WASHINGTON — American authorities announced on Sunday an emergency approval of blood plasma from recovered coronavirus patients as a treatment against the disease that has killed over 176,000 in the US.
The Food and Drug Administration’s (FDA) authorization comes as President Donald Trump faces intense pressure to curb the contagion that has hobbled the world’s largest economy and clouded his once-promising prospects for re-election in November.
The plasma is believed to contain powerful antibodies that can help fight off the disease faster and help protect people from being seriously hurt by it.
“This product may be effective in treating COVID-19 and... the known and potential benefits of the product outweigh the known and potential risks of the product,” FDA said in a statement.

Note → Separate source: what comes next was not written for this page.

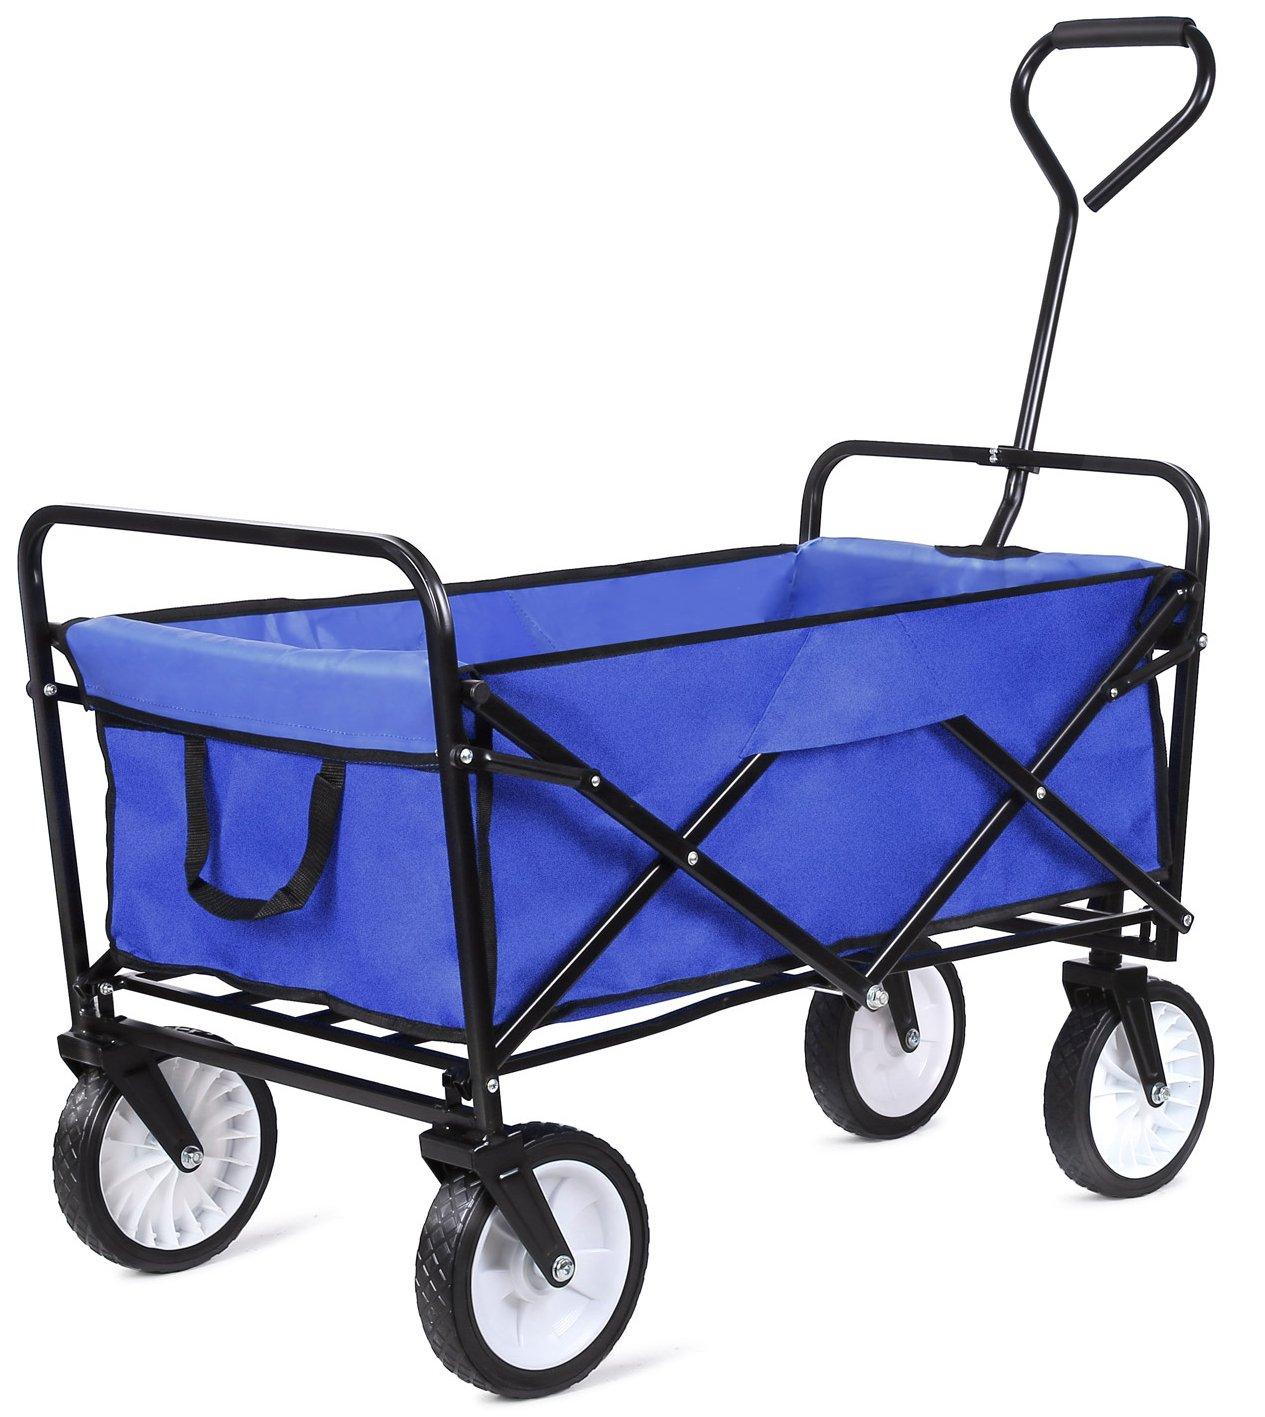 femor Collapsible Folding Outdoor Utility Wagon, Heavy Duty Garden Cart for Shopping Beach Outdoors (Blue)

While the treatment has already been used on patients in the United States and other nations, the extent of its effectiveness is still debated by experts and some have warned that it could carry side effects.
“Convalescent plasma probably works — though it still needs to be proven in clinical trials — but not as a rescue treatment for people who are already severely ill,” said Len Horovitz, a pulmonary specialist at Lenox Hill Hospital in New York City.
He said that plasma would likely work much better right after a person was exposed to the virus, when the body is trying to neutralize the infection.
Earlier Sunday, US media reported that Trump would announce the emergency authorization at a press conference, but the White House declined to comment on the president’s plans.
Trump spokeswoman Kayleigh McEnany said the president would announce a “major therapeutic breakthrough.”
However, the FDA already allows convalescent plasma transfusions for coronavirus patients under certain conditions, such as clinical trials and gravely ill people.
The Washington Post, which reported Trump would announce the approval, said that over 70,000 virus patients in the US have received such a transfusion.